Child Trafficking is one of the biggest cartel of organized crimes India. Every 4 minutes, a child is
abducted or lured into assurances of getting a job in urban areas. It is alarming to realize that by
the time this article meets it end, as many as 10 children would have lost their lives to the
menace of trafficking. According to UNICEF, a child victim of trafficking is "any person under 18 who
is recruited, transported, transferred, harboured or received for the purpose of exploitation, either
within or outside a country". It is the 3 rd most profitable industry in the world and unlike other crimes, it
is prevalent both in developed as well as developing countries.

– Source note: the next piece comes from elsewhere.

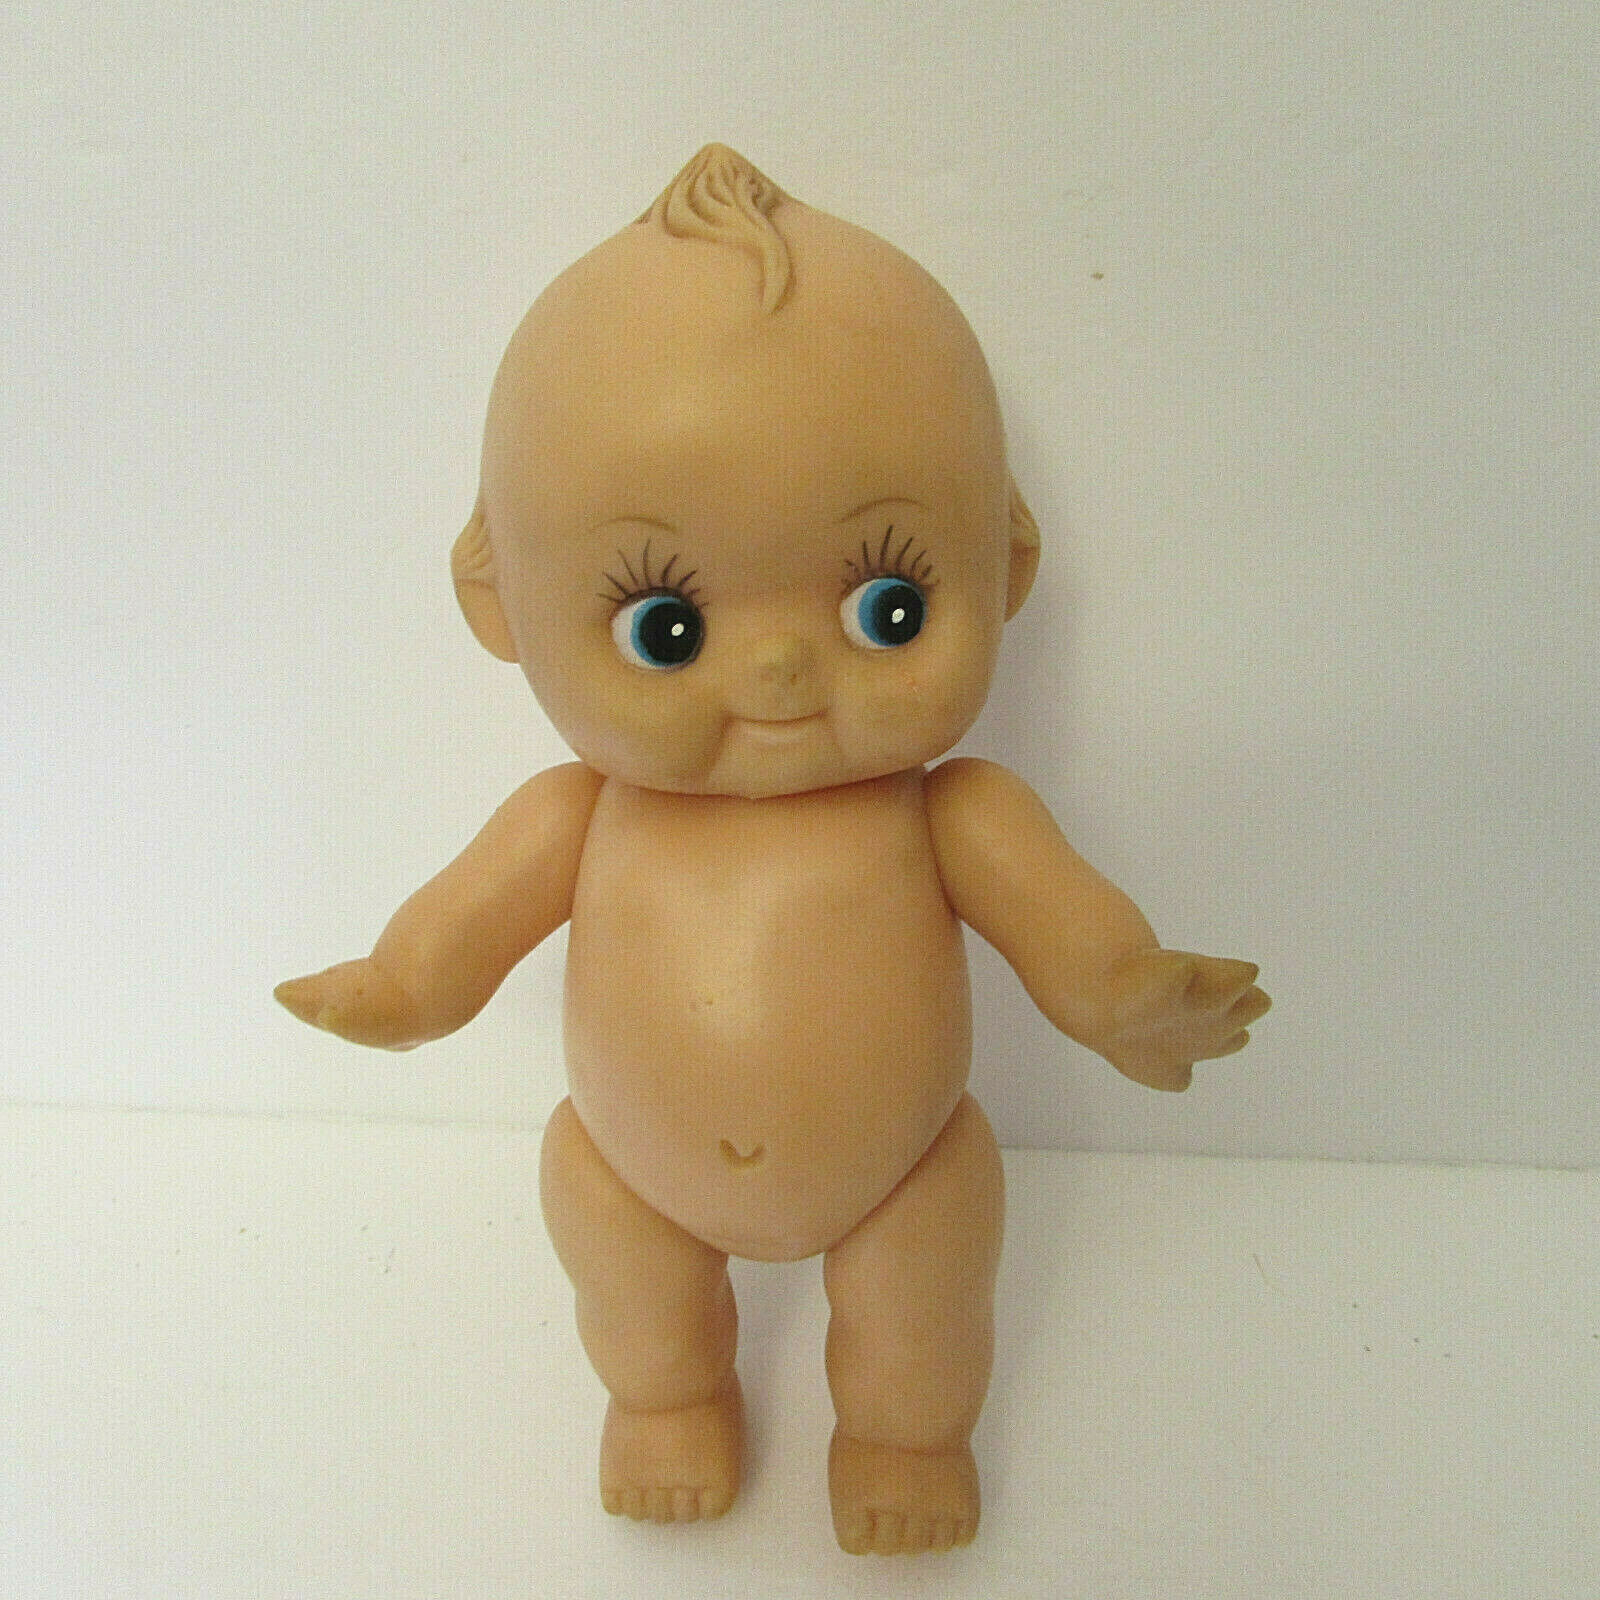 Vintage Kewpie Rubber Doll 8" Articulated  Made In Taiwan #10
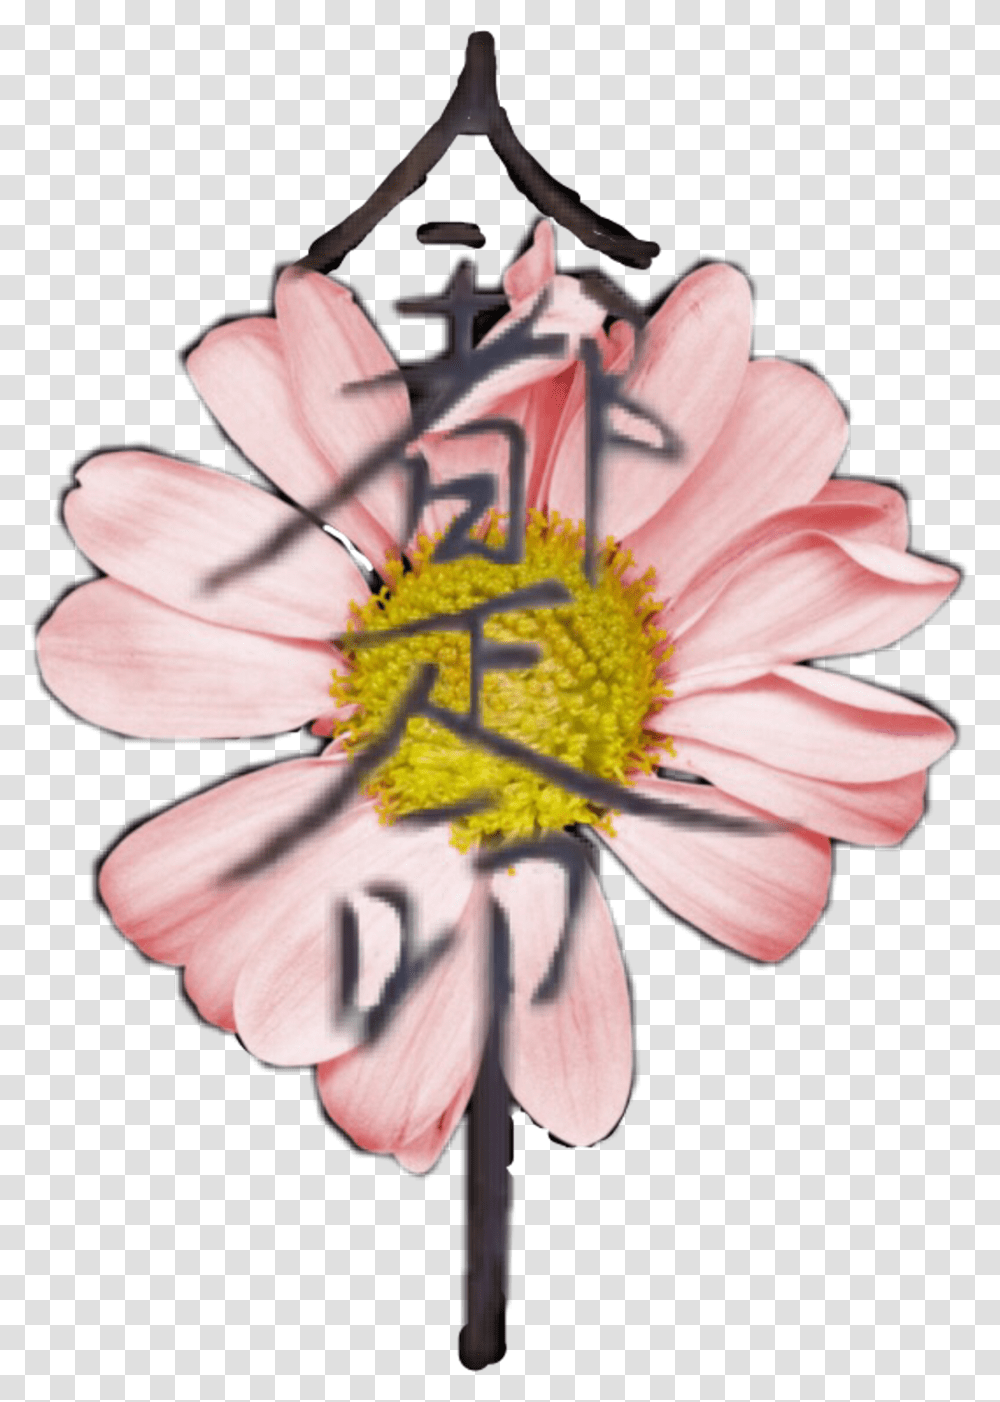 Daisy Download Daisy, Plant, Pollen, Flower, Blossom Transparent Png

Children under the age of 18 are lured,
abducted and manipulating into opting for prostitution, used for organ trade, regulated for cheap or
unpaid labor, illegal adoptions or forced marriages.

NGOs estimate that around 12,000 - 50,000 women and children are trafficked into the country
annually from neighboring states for sex trade, mostly from Bangladesh and Nepal. 200,000 Nepalese
girls under the age of 16 years are in prostitution in India. Around 1,000 to 1,500 Indian children are
trafficked out of the country every year to Saudi Arabia for begging during the Hajj period.  Andhra
Pradesh, Karnataka, West Bengal and Tamil Nadu have the largest number of people trafficked. Intra
state/inter district trafficking is soaring in Rajasthan, Assam, Meghalaya, Bihar, UP, Andhra Pradesh,
Karnataka, Tamil Nadu and Maharashtra. Delhi and Goa are the major receiver states. In 2008, 529 girls
were trafficked to Delhi from Assam alone. The demand for live-in maids in urban areas of the country is
on the uphill, as a result, trafficking is on the rise too. Children living in under-developed, uneducated
areas of slums are trafficked more, as even their parents sell or send their children to the homes of
riches in hope of getting a job or earn some money of their own.

Numbers suggests that most numbers of trafficked children are forced into prostitution, causing them to
lead a miserable life with deprivation of even basic rights. They are coerced, beaten up, blackmailed,
and harassed by traffickers or even people who visit them. Even 3 year olds are being trafficked across
the country for flesh trade. Heinous might fall short of explaining what a grave intensity of inhuman
crime this is. Falling sex ratio in North India induces a higher demand for females needed for marriages,
consequently, more females are trafficked from the under developed states of India. It is a vicious cycle
involving the richest and the poorest of all, poorest of poor are forced to sell their children and the
riches are willing to buy them for their own selfish agendas.

To fights this, the Government of India procured a law called “Suppression of Immoral Traffic in Women
and Girls Act, 1956,” which was based on the guidelines of “International Convention for Suppression of
Immoral Traffic in Persons and the Exploitation of the Prostitution of others”. This Act was further
amended in 1986, and changed to “Immoral Trafficking Prevention Act, 1986”. The act defines child as
any person who has completed eighteen years of age. The first section of the act has provisions that
outline the illegality of prostitution and the punishment for owning a brothel or a similar establishment,
or for living off earnings of prostitution as is in the case of a pimp. Section 5 of the act states that if a
person procures, induces or takes a child for the purpose of prostitution then the prison sentence is a
minimum of seven years but can be extended to life. To ensure that the people in the chain of trafficking
are also held responsible the act has a provision that states that any person involved in the recruiting,
transporting, transferring, harbouring, or receiving of persons for the purpose of prostitution if guilty of
trafficking. In addition any person attempting to commit trafficking or found in the brothel or visiting the
brothel is punishable under this law.